Both the I-Pace and Escape PHEV have child safety locks to prevent children from opening the rear doors. The I-Pace has power child safety locks, allowing the driver to activate and deactivate them from the driver's seat and to know when they're engaged. The Escape PHEV’s child locks have to be individually engaged at each rear door with a manual switch. The driver can’t know the status of the locks without opening the doors and checking them.
The I-Pace’s standard pretensioning seatbelts also sense rear collisions and remove slack from the seatbelts to help protect the occupants from whiplash and other injuries. The Escape PHEV doesn’t offer a whiplash protection system.
The I-Pace has all-wheel drive to maximize traction under poor conditions, especially in ice and snow.
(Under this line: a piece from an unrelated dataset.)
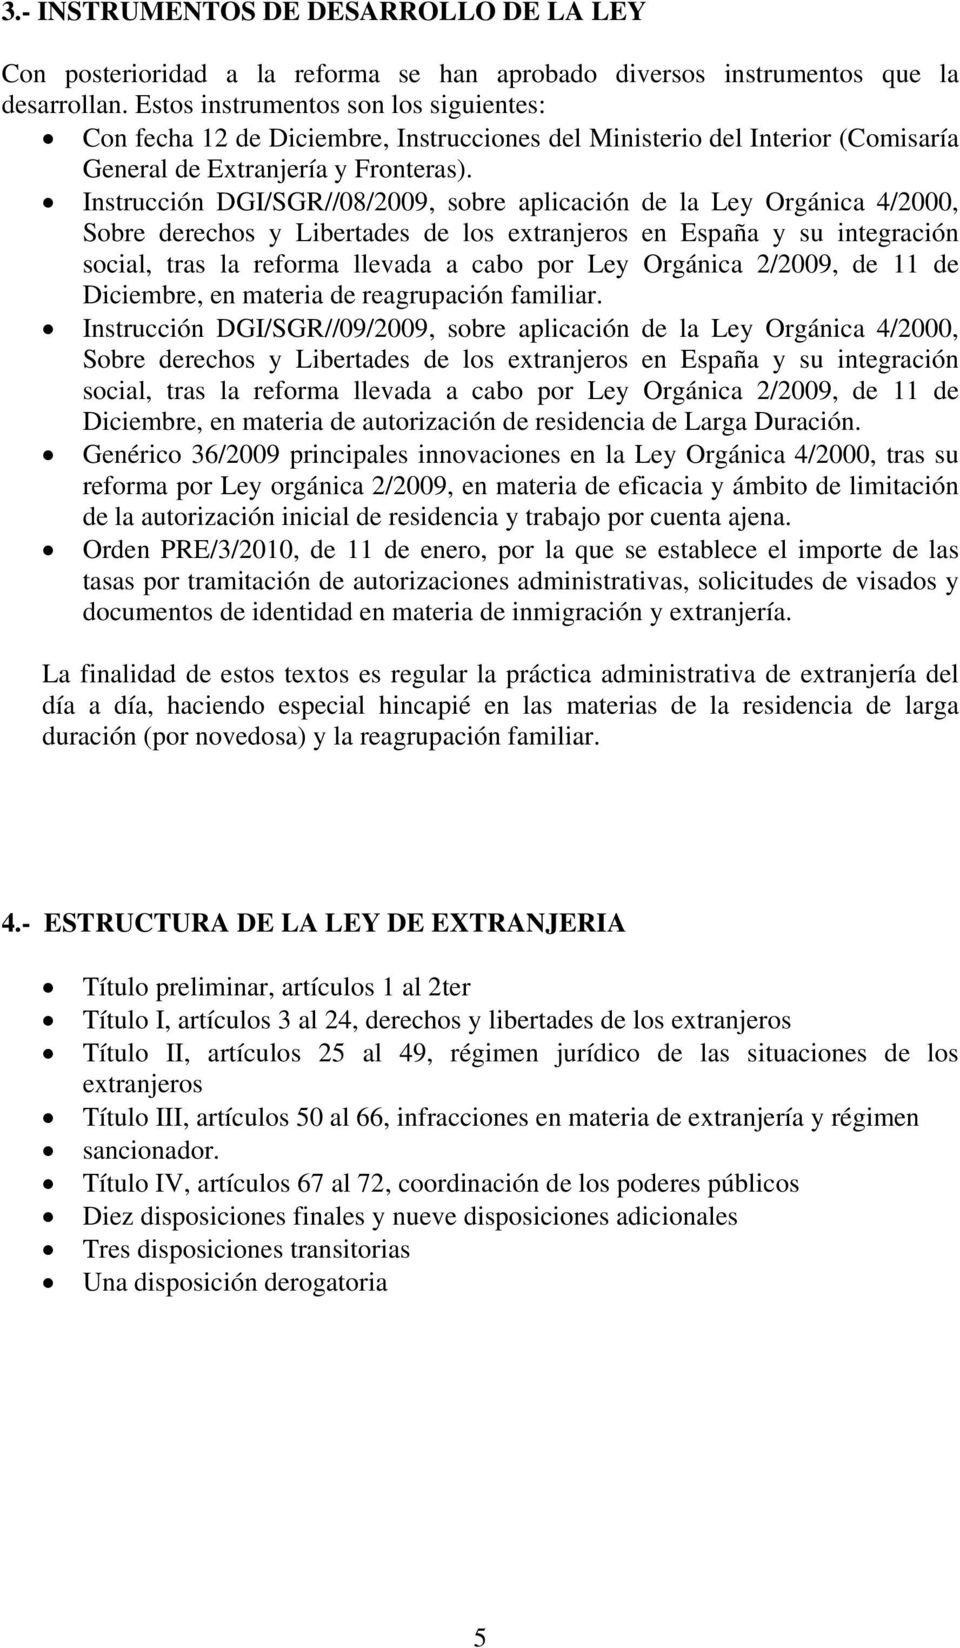 Instrucción DGI/SGR//08/2009, sobre aplicación de la Ley Orgánica 4/2000, Sobre derechos y Libertades de los extranjeros en España y su integración social, tras la reforma llevada a cabo por Ley

The Escape PHEV doesn’t offer all-wheel drive.
Both the I-Pace and the Escape PHEV have standard driver and passenger frontal airbags, front side-impact airbags, side-impact head airbags, front and rear seatbelt pretensioners, four-wheel antilock brakes, traction control, electronic stability systems to prevent skidding, crash mitigating brakes, daytime running lights, lane departure warning systems, blind spot warning systems, rearview cameras, rear cross-path warning, driver alert monitors and available around view monitors.
The Jaguar I-Pace weighs 914 pounds more than the Ford Escape PHEV. The NHTSA advises that heavier vehicles are much safer in collisions than their significantly lighter counterparts.